During the early years of my surgery career, I thought little about the role of physicians in capital punishment.
That changed in 1997, when Arkansas executed three men on the same night.
Reading about the triple lethal injection, where each inmate lay down on a gurney, had IVs placed in each arm and heart monitor leads on his chest, and was then sent off to eternal sleep with large doses of anesthetic drugs, I was struck by how the proceedings seemed eerily similar to a typical day in the operating room.
In fact, with a little research, I found that virtually all the equipment used in lethal injection, from the heart monitor and stretcher all the way down to the alcohol wipes and medical tape, are the same items I used in the hospital.
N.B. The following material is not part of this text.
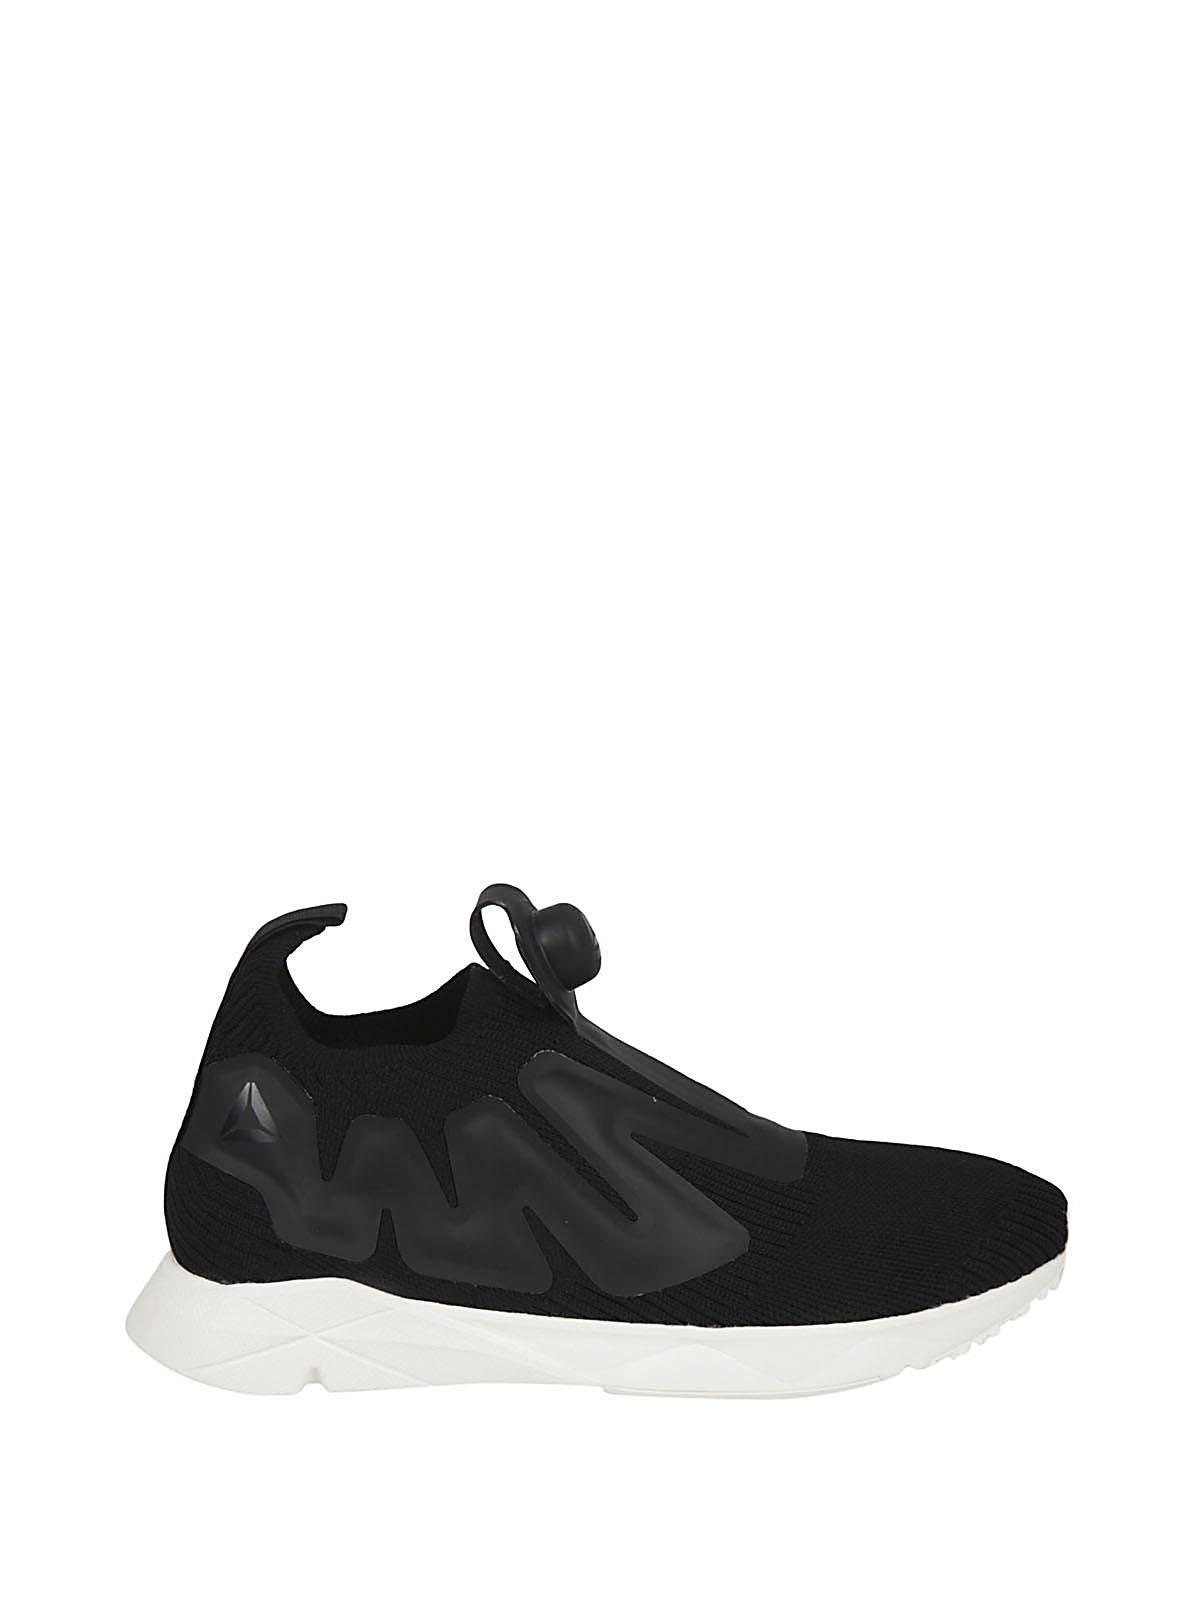 Lyst Reebok REEBOK Sneaker pump supreme style nera in

In fact, an "execution protocol" reads like a medical procedure manual.
Lethal injection, I discovered, turned the instruments that I used to save lives into instruments of death.
When I was a surgery resident, I heard a lecture about Robert Jay Lifton, who studied the corruption of physicians in Nazi Germany. Mr. Lifton described how physicians were recruited by the government to kill physically and mentally disabled patients, including the "criminally insane."
In this program, which predated the death camps, the killing facilities were designed on a medical model, and the killing, whether by poison gas, lethal drugs, or other methods, was supervised by doctors. The euthanasia program's chief administrator often stated, "The syringe belongs in the hand of a physician."
Today, at executions in the United States, doctors are increasingly being asked to hold the lethal syringe.
In Connecticut, for example, a "licensed and practicing physician" must certify the qualifications of the person starting the IV and infusing the drugs; in Missouri, a board-certified surgeon places a central venous line into each inmate before execution, and in California, a judge recently asked that two anesthesiologists monitor the inmate during the lethal injection.
Finally, in numerous states, physicians monitor vital signs or electrocardiograms at executions, even though this is also forbidden by the AMA's ethical guidelines.
Thus, Joseph Clark's execution demonstrates the terrible dilemma of lethal injection as medical charade.
On the one hand, this "medicalized" killing procedure, which uses IV tubing, anesthetic drugs, and other medical equipment, becomes torture in the hands of unqualified individuals.
On the other hand, the involvement of medical professionals such as physicians and nurses in executions violates the fundamental ethics of these professions. When medical professionals forsake their ethics, as the Nazi physicians demonstrated, the results for society can be disastrous.
Accounts of Clark's tortuous execution have appeared in newspapers and other media outlets all over the world.
Surely, there will be calls to bring doctors into the death chamber in Lucasville in order to make executions more "humane."
Do Ohioans really want to choose between torturing inmates to death or putting executions in the hands of doctors? This dilemma is inherent in lethal injection, because it puts killing in the hands of healers.
The only way for Ohioans to avoid this untenable choice is to call for a moratorium on executions until capital punishment can be re-examined.
Jonathan I. Groner is a pediatric surgeon and associate professor of surgery at the Ohio State University College of Medicine and Public Health.